Exercise instructions
Write out the lines below exactly, beginning at the one with "Боливия: редкую андскую" and stopping after the one with "サックスを使用したライブサウンドア...の未再生の波形"; the pictures are not copied.

Data for analysis
————

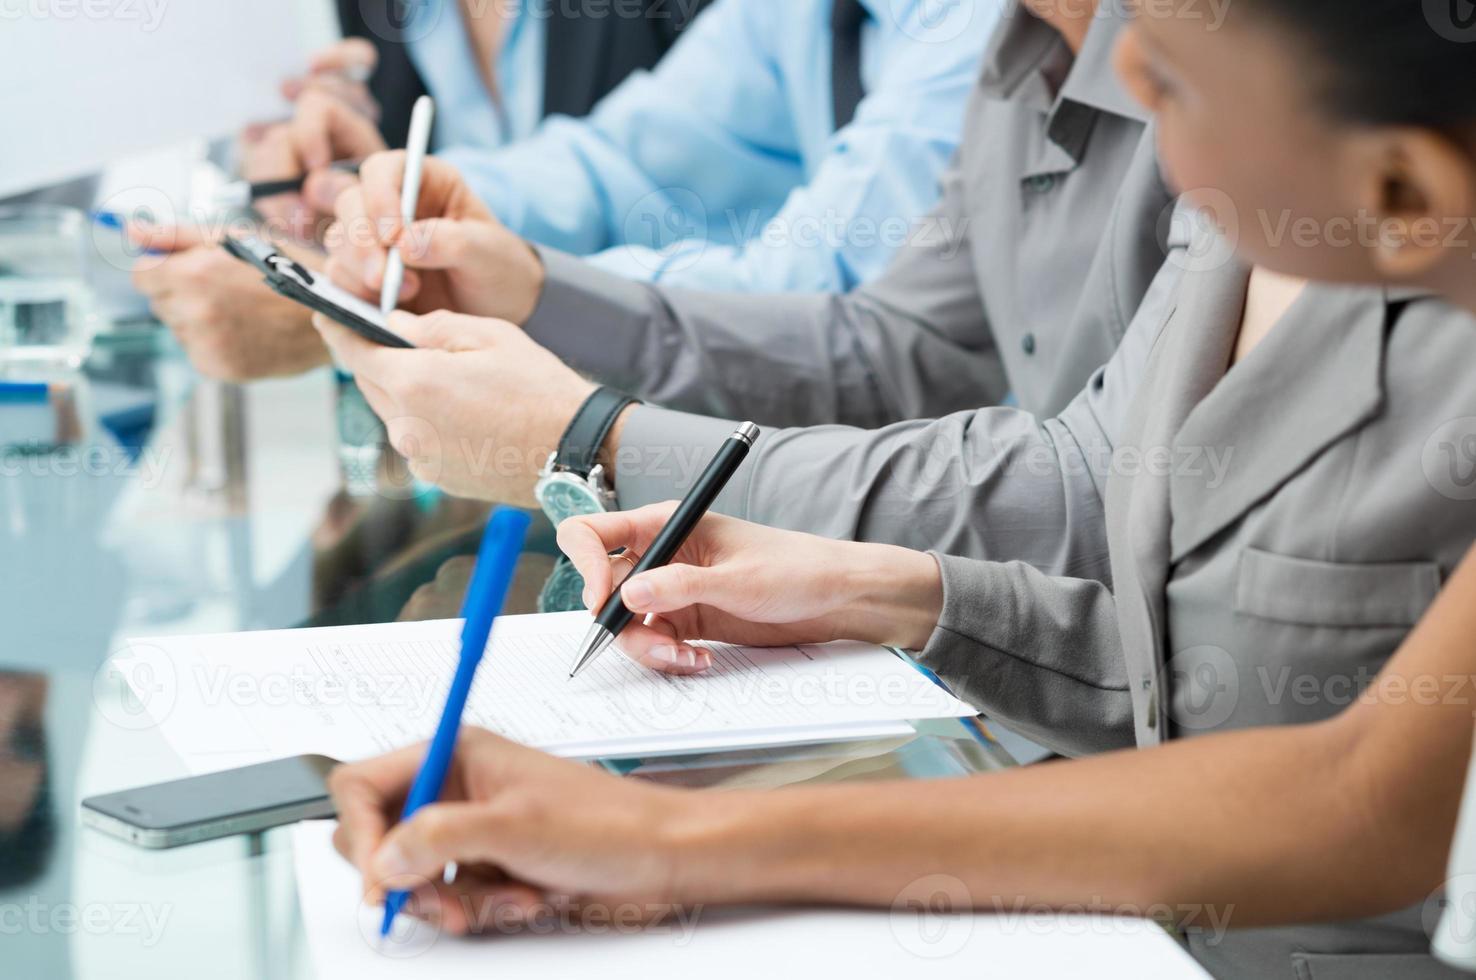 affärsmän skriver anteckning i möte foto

————

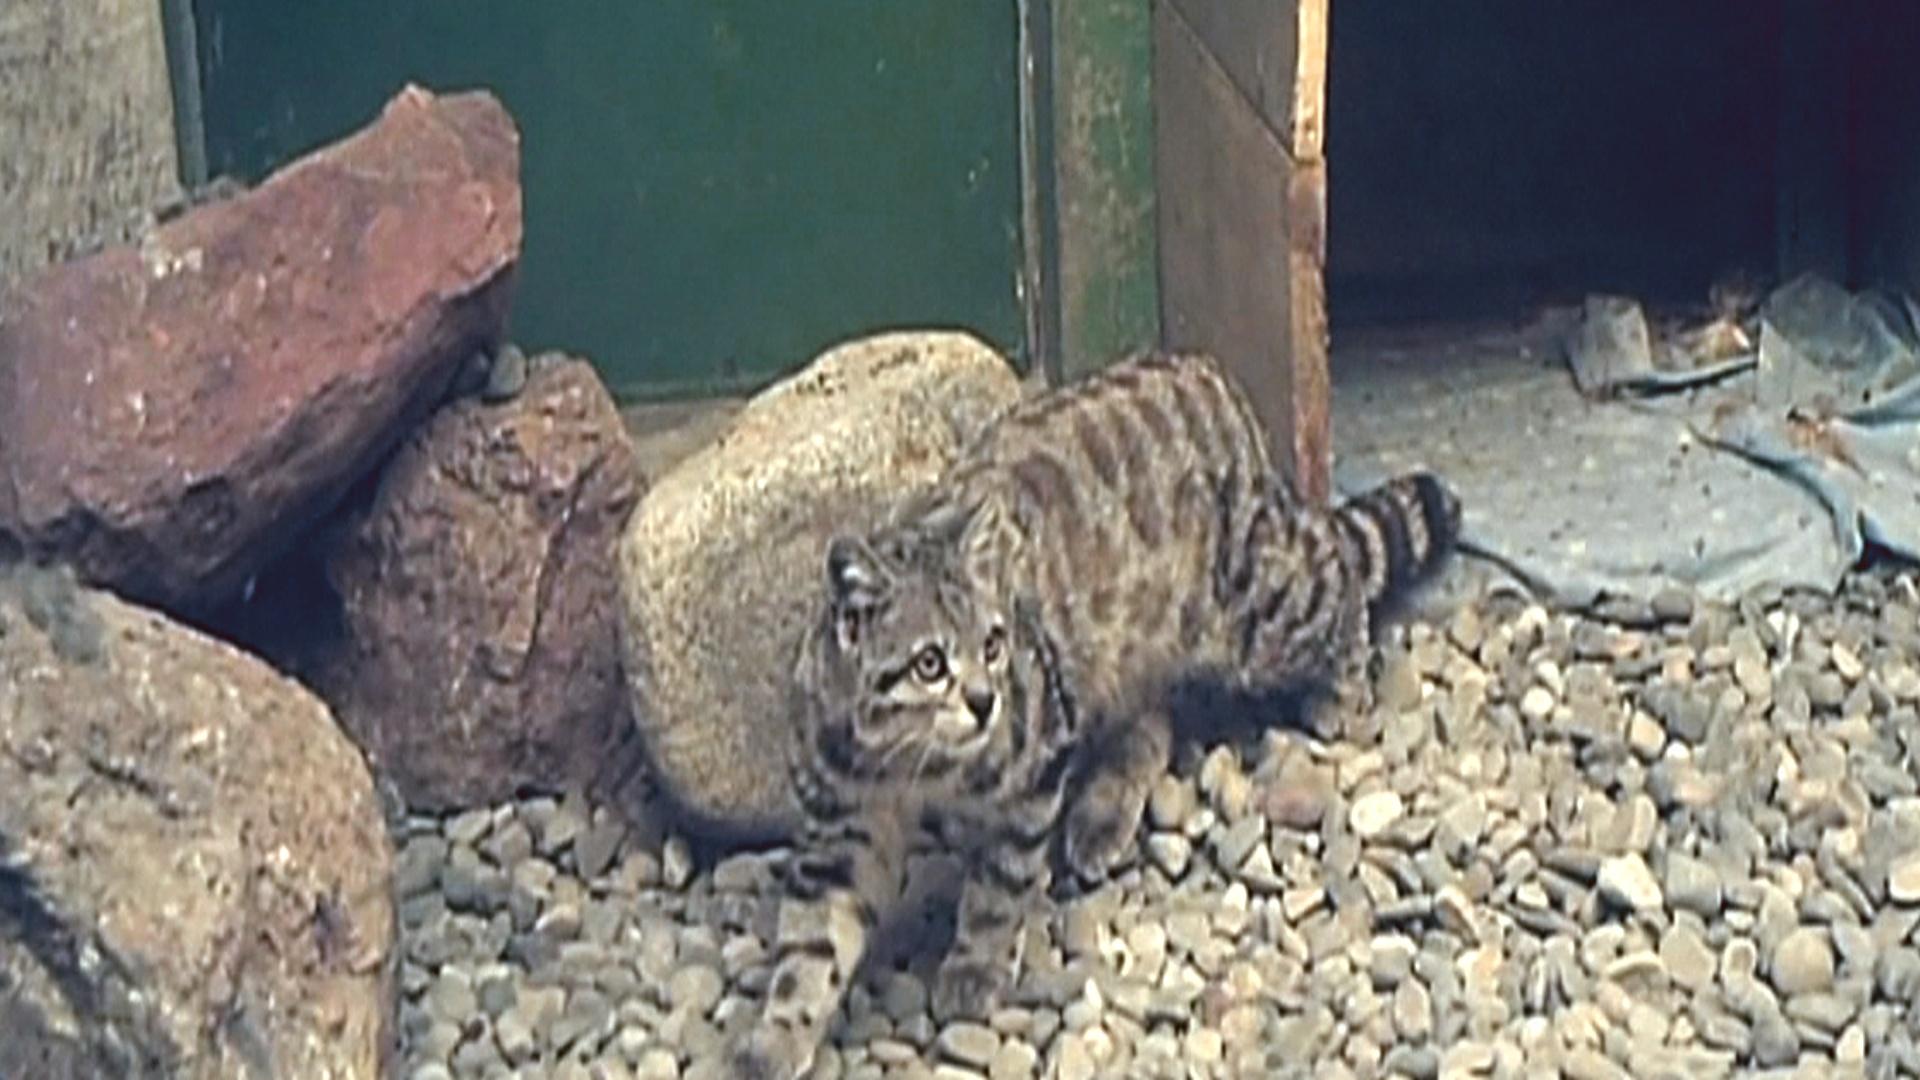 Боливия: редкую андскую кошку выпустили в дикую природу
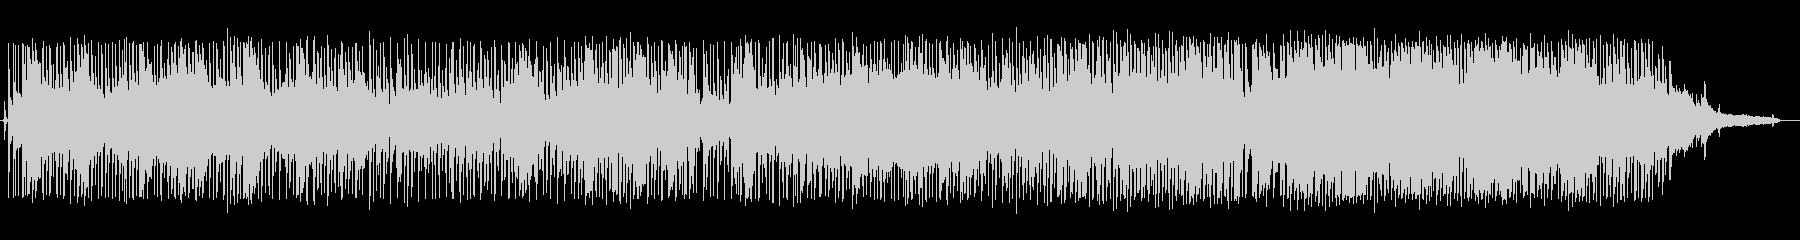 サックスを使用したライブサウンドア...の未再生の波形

————

Response to the exercise
 Боливия: редкую андскую кошку выпустили в дикую природу
 サックスを使用したライブサウンドア...の未再生の波形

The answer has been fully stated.